Open QiXuanWang opened 3 years ago

QiXuanWang commented 3 years ago

Link: https://arxiv.org/abs/2004.10746 Link2: https://ai.googleblog.com/2020/04/chip-design-with-deep-reinforcement.html Link3: https://www.semanticscholar.org/paper/Chip-Placement-with-Deep-Reinforcement-Learning-Mirhoseini-Goldie/929bf1a2ff229d34f7907886989c621444c2b8fd?sort=relevance&page=2&citationRankingModelVersion=v0.2.0-0.25 (with citations)

Published on 2020.04, Google AI blog as well as arxiv. This is a follow up from Jeff Dean's presentation. This is officially first technical paper from Google. This project was a collaboration between Google Research and Google Hardware and Architecture teams.

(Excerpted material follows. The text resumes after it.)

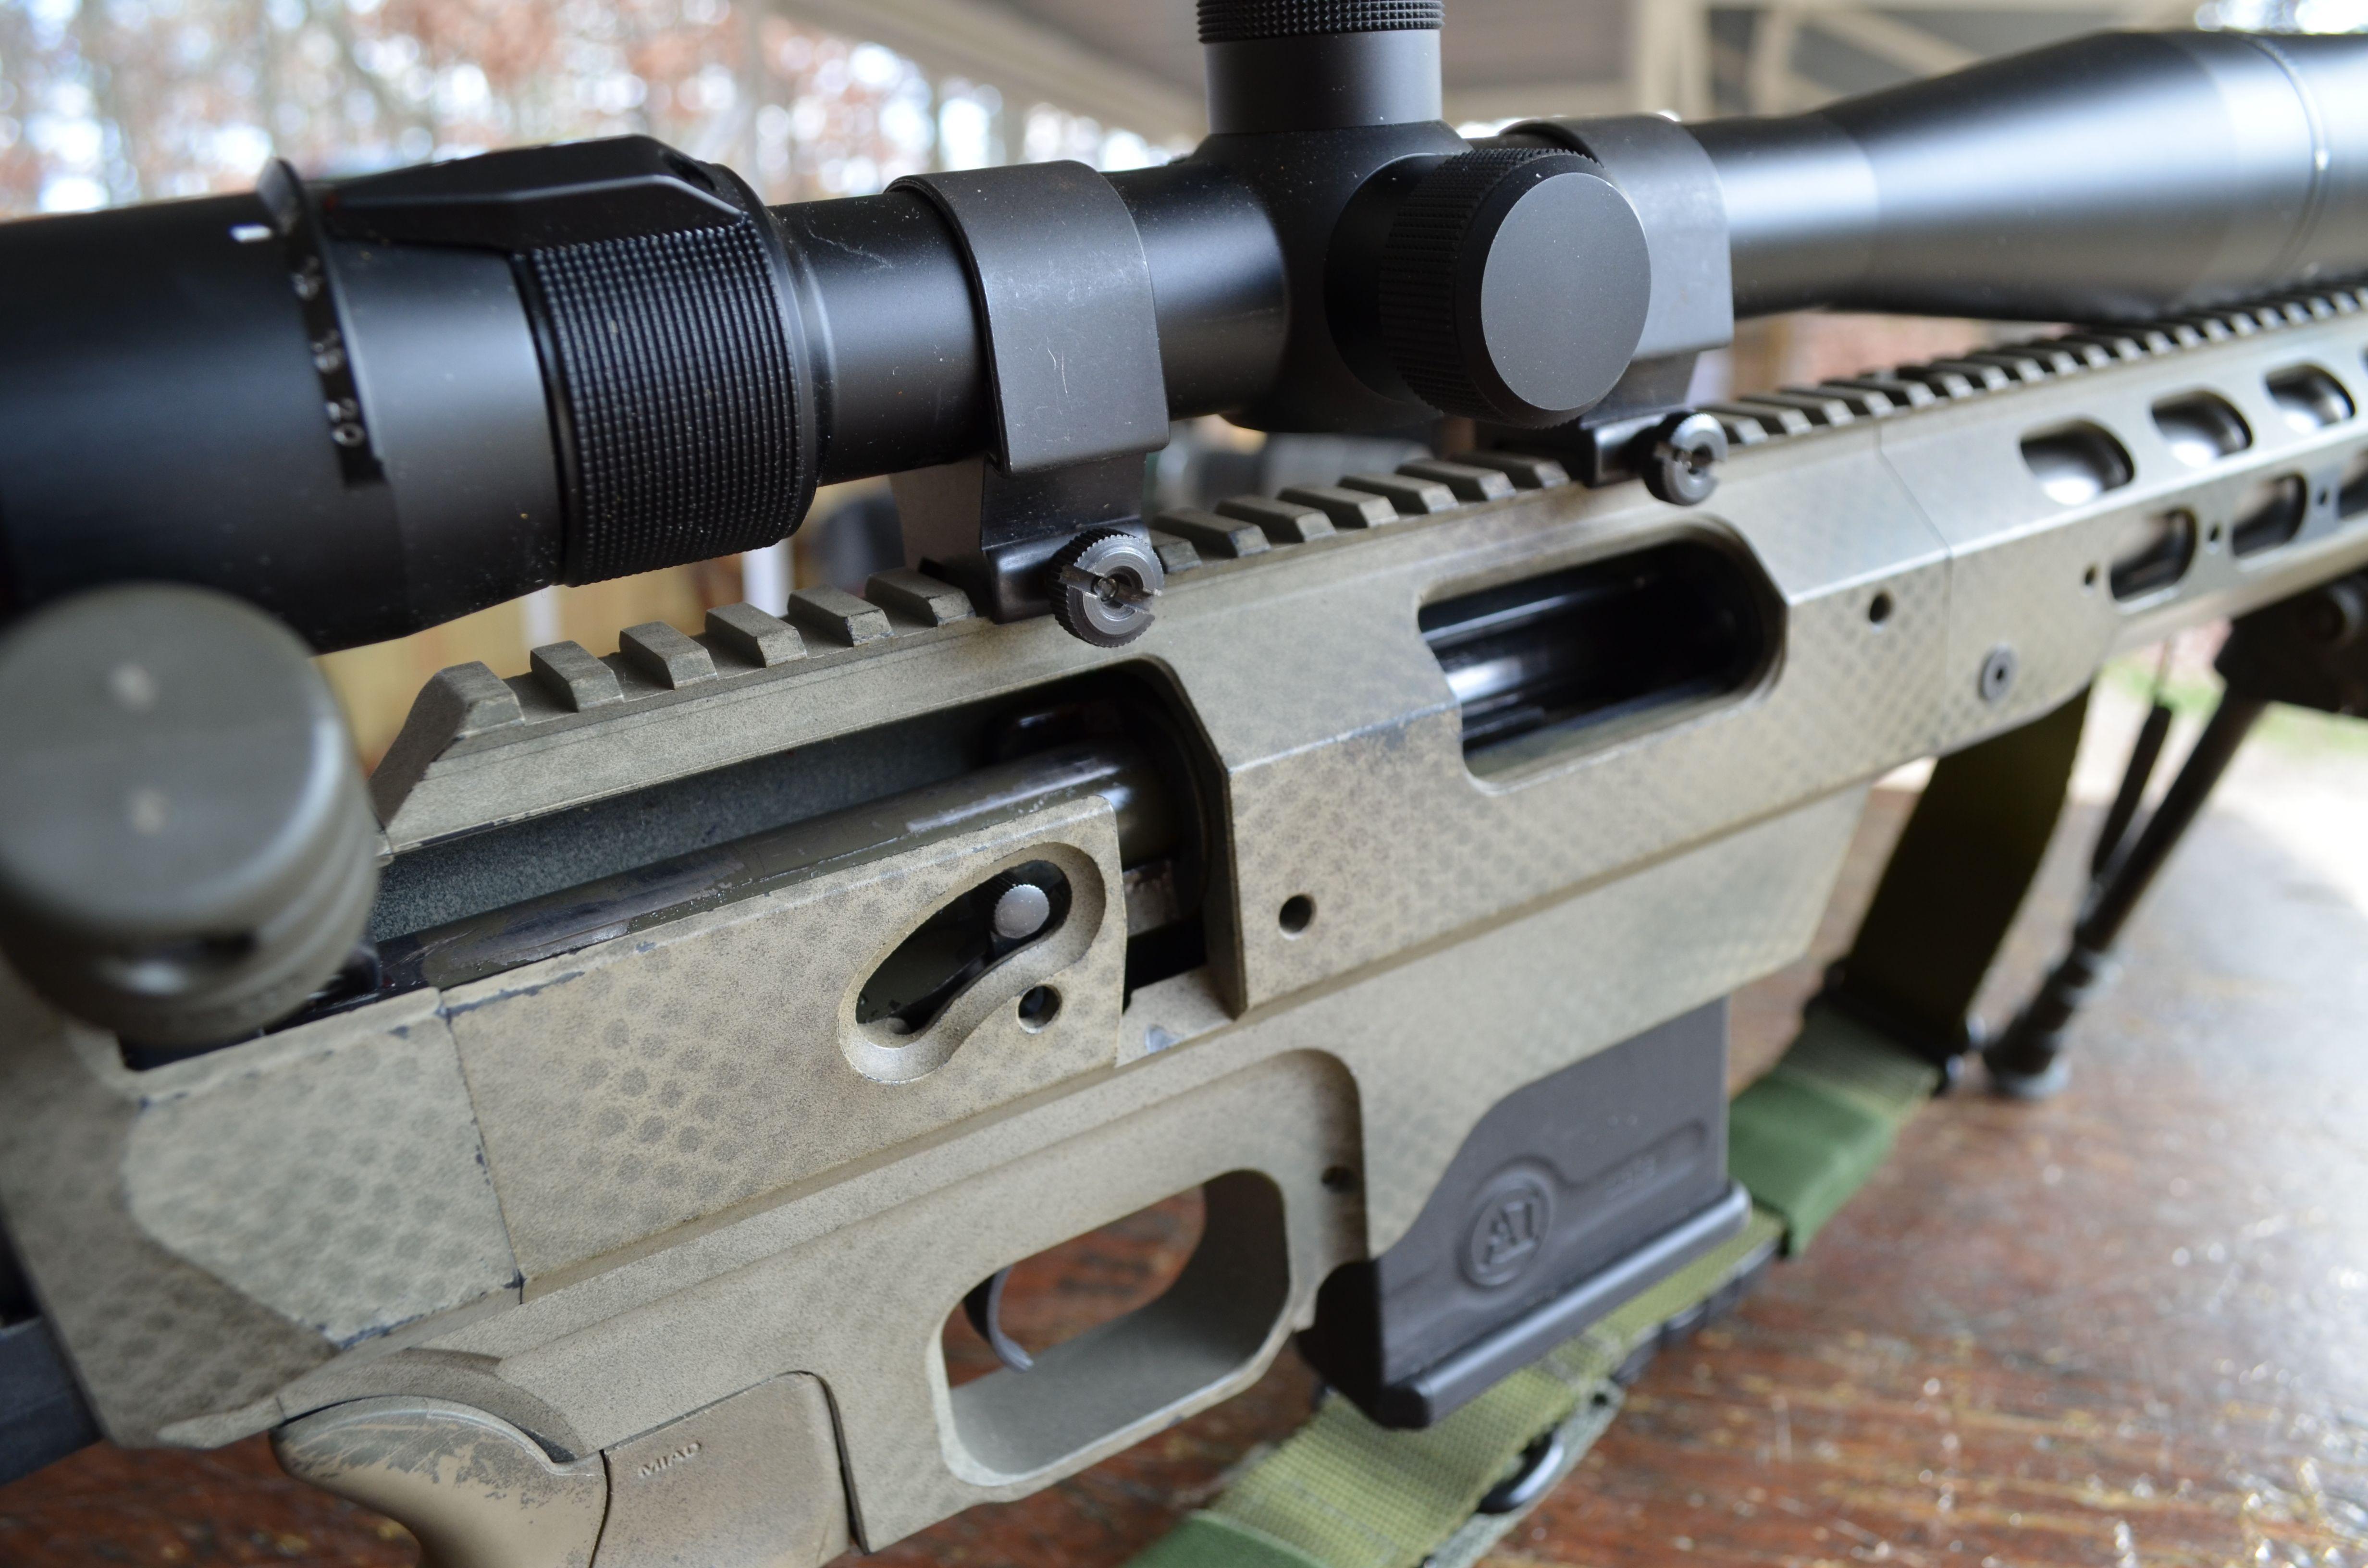 Rifle stock or chassis? – rifleshooter com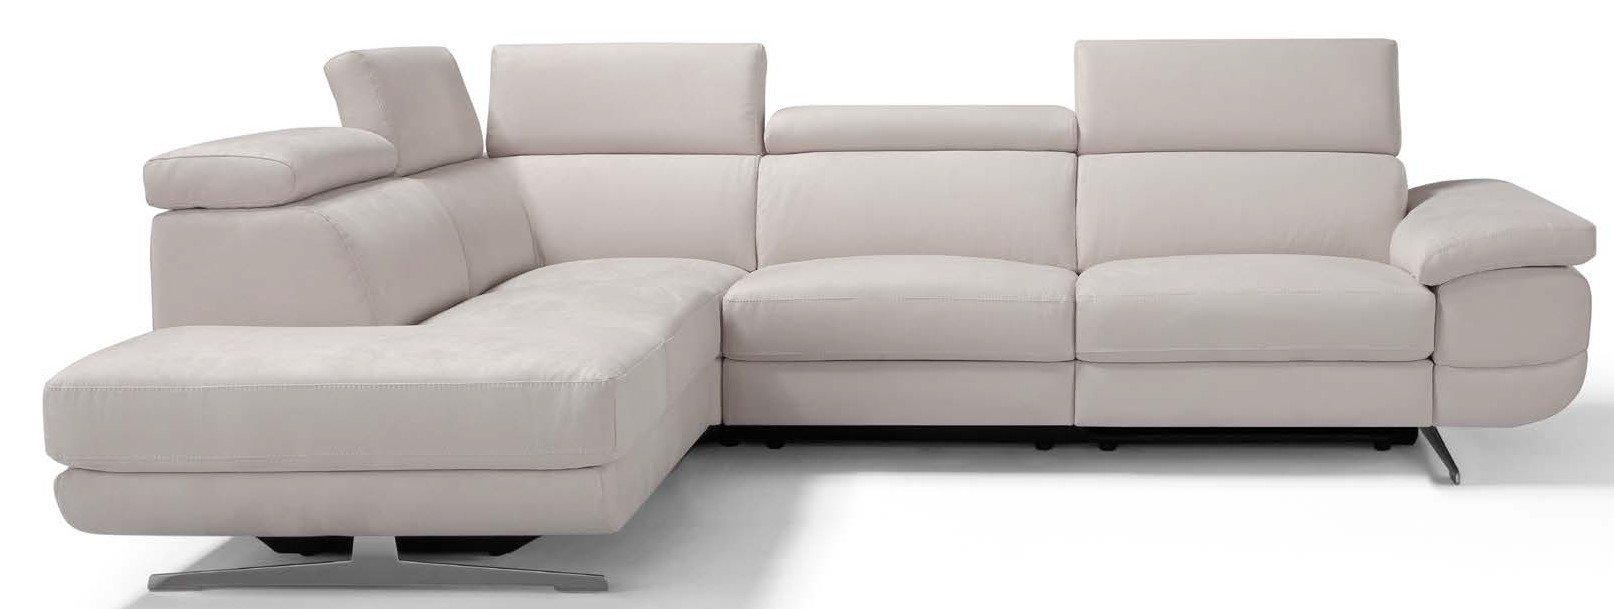 divano relax ad beige angolo mobilificio torino e rivoli

Problem: They select floor-planning as the target problem.

Innovation: The input to our model is the chip netlist (node types and graph adjacency information), the ID of the current node to be placed, and some netlist metadata, such as the total number of wires, macros, and standard cell clusters. The netlist graph and the current node are passed through an edge-based graph neural network that we developed to encode the input state. This generates embeddings of the partially placed graph and the candidate node.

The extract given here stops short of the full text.